I hate how much you changed. But every time I remember that you changed – and how – I’m reminded of the good things too. Because there were so many good times and memories. You always made me smile. For every bad, there was good. For every low, there was high. Do you remember when you took me to the outdoor skating rink in the middle of the night? I hated ice skating and could never find my balance. I wanted so badly to make you smile. To make you love me again. So, I went. I skated. I fell over and got frustrated and even cried because I was so bad at it, and I spent more time on my ass than I did on my feet. But together, we had a great night. Picking me up, pulling me around … it was lovely. Wonderful. Magical, almost. Like something out of a movie. Especially when you dragged me into the soft snowbank at the side and kissed me. It felt like a glimmer of hope in a sea of darkness. It had been so bleak before that night, but then you kissed me like that. Again. For the first time in a long time.

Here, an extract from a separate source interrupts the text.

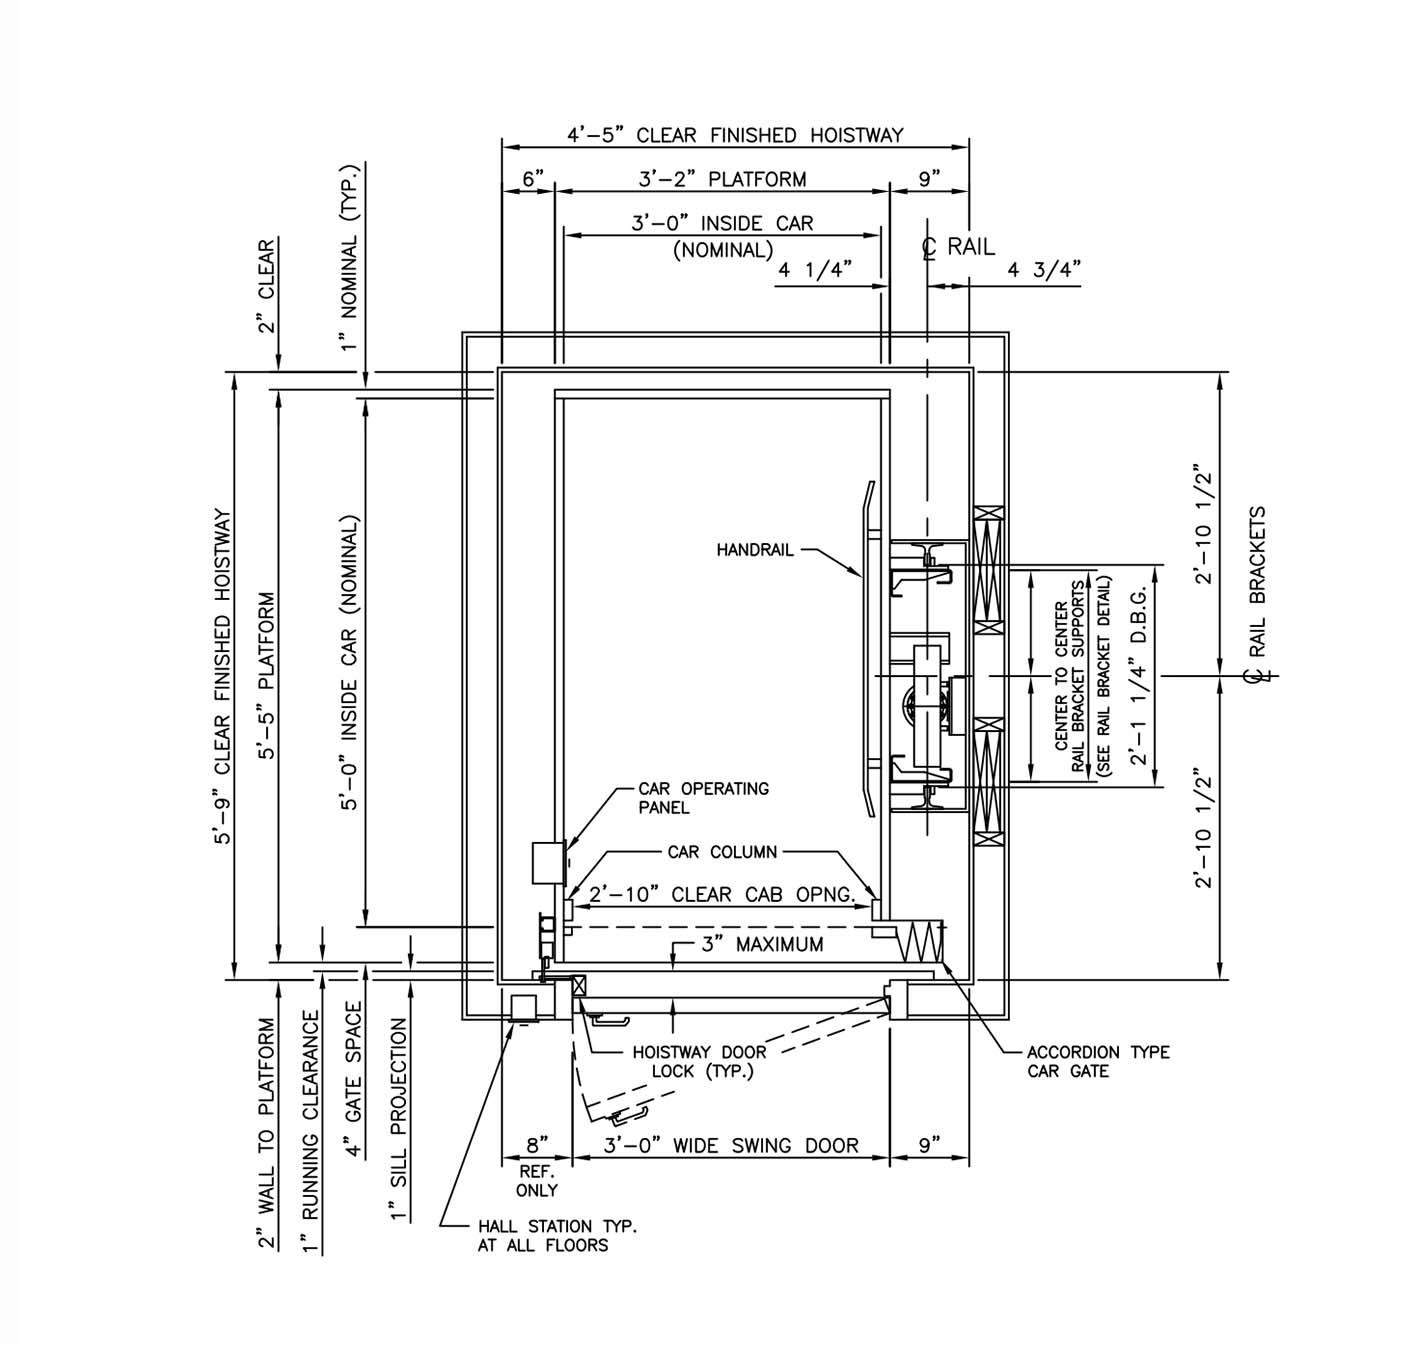 Hydraulic drawings custom elevator for Elevator plan drawing

Moments like that are what kept us alive for so long, don’t you think? Those beautiful moments of absolute bliss in between the torture and torment. Bad days followed by good, followed by bad, followed by good.
I know that we’re not going to get back together. You seem perfectly happy with your new girl (yes, I’ve stalked and seen), and I genuinely hope you’re happy and that it all works out for you. I hope you look back over our time and smile, thinking about me as passionately and fondly as I think about you. We can’t talk now. It’s too painful for me. Maybe it is for you too? But one day, I hope that we can be friends. I hope that we can look back over our time and laugh. Because those times were funny — and they were because of you. I got pushed out of that plane because of YOU. I went to that beautiful waterfall because of YOU. I saw that mama and black bear in the wild because of YOU. And I definitely don’t want to erase you. Not even the bad parts of you.
I don’t even hate that you were right. Didn’t you warn me that you’d get antsy and weird around the two-year mark? I didn’t believe you. I thought I could change you, fix you. I’m sorry that I couldn’t.
But I’ll never be sorry for you.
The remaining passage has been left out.